She helped create CRISPR, a gene-editing technology that is changing the way we treat genetic diseases and even how we produce food.

Courtesy of Jennifer Doudna
Technology & Innovation

This article was originally published on our sister site, Freethink.

Last year, Jennifer Doudna and Emmanuelle Charpentier became the first all-woman team to win the Nobel Prize in Chemistry for their work developing CRISPR-Cas9, the gene-editing technology. The technology was invented in 2012 — and nine years later, it's truly revolutionizing how we treat genetic diseases and even how we produce food.

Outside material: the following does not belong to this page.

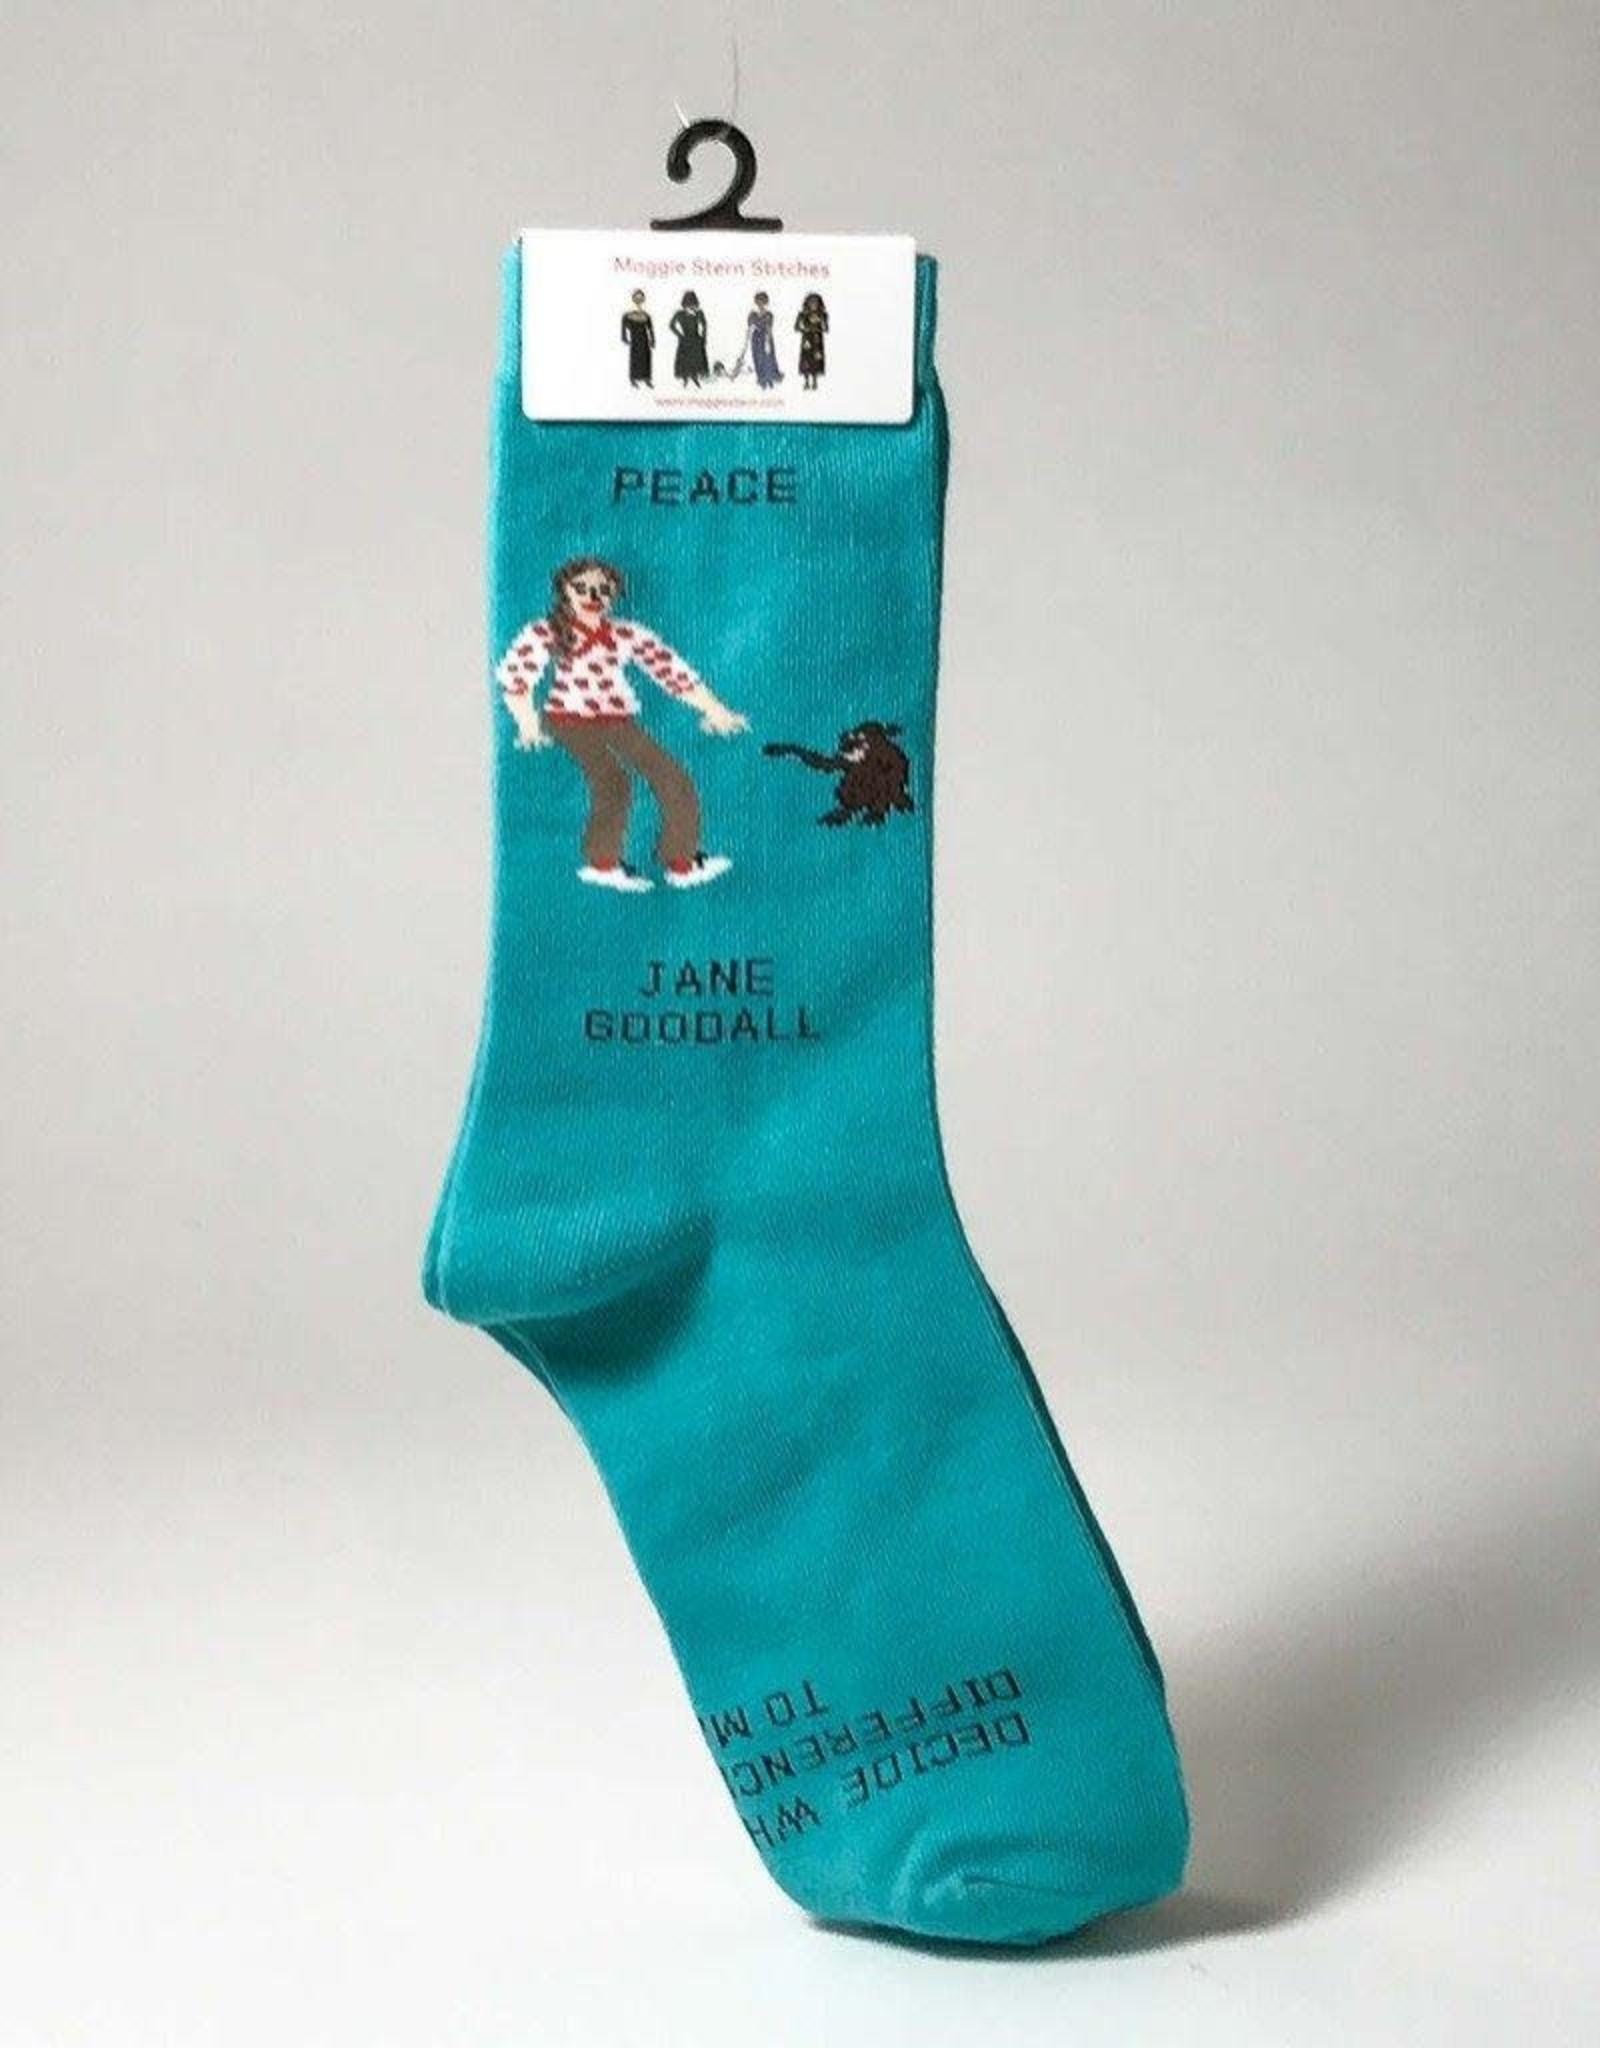 Maggie Stern Stitches Jane Goodall Women's Crew Socks

CRISPR allows scientists to alter DNA by using proteins that are naturally found in bacteria. They use these proteins, called Cas9, to naturally fend off viruses, destroying the virus' DNA and cutting it out of their genes. CRISPR allows scientists to co-opt this function, redirecting the proteins toward disease-causing mutations in our DNA.

So far, gene-editing technology is showing promise in treating sickle cell disease and genetic blindness — and it could eventually be used to treat all sorts of genetic diseases, from cancer to Huntington's Disease.

The biotech revolution is just getting started — and CRISPR is leading the charge. We talked with Doudna about what we can expect from genetic engineering in the future.

This interview has been lightly edited and condensed for clarity.

Freethink: You've said that your journey to becoming a scientist had humble beginnings — in your teenage bedroom when you discovered The Double Helix by Jim Watson. Back then, there weren't a lot of women scientists — what was your breakthrough moment in realizing you could pursue this as a career?

Dr. Jennifer Doudna: There is a moment that I often think back to from high school in Hilo, Hawaii, when I first heard the word "biochemistry." A researcher from the UH Cancer Center on Oahu came and gave a talk on her work studying cancer cells.

I didn't understand much of her talk, but it still made a huge impact on me. You didn't see professional women scientists in popular culture at the time, and it really opened my eyes to new possibilities. She was very impressive.

I remember thinking right then that I wanted to do what she does, and that's what set me off on the journey that became my career in science.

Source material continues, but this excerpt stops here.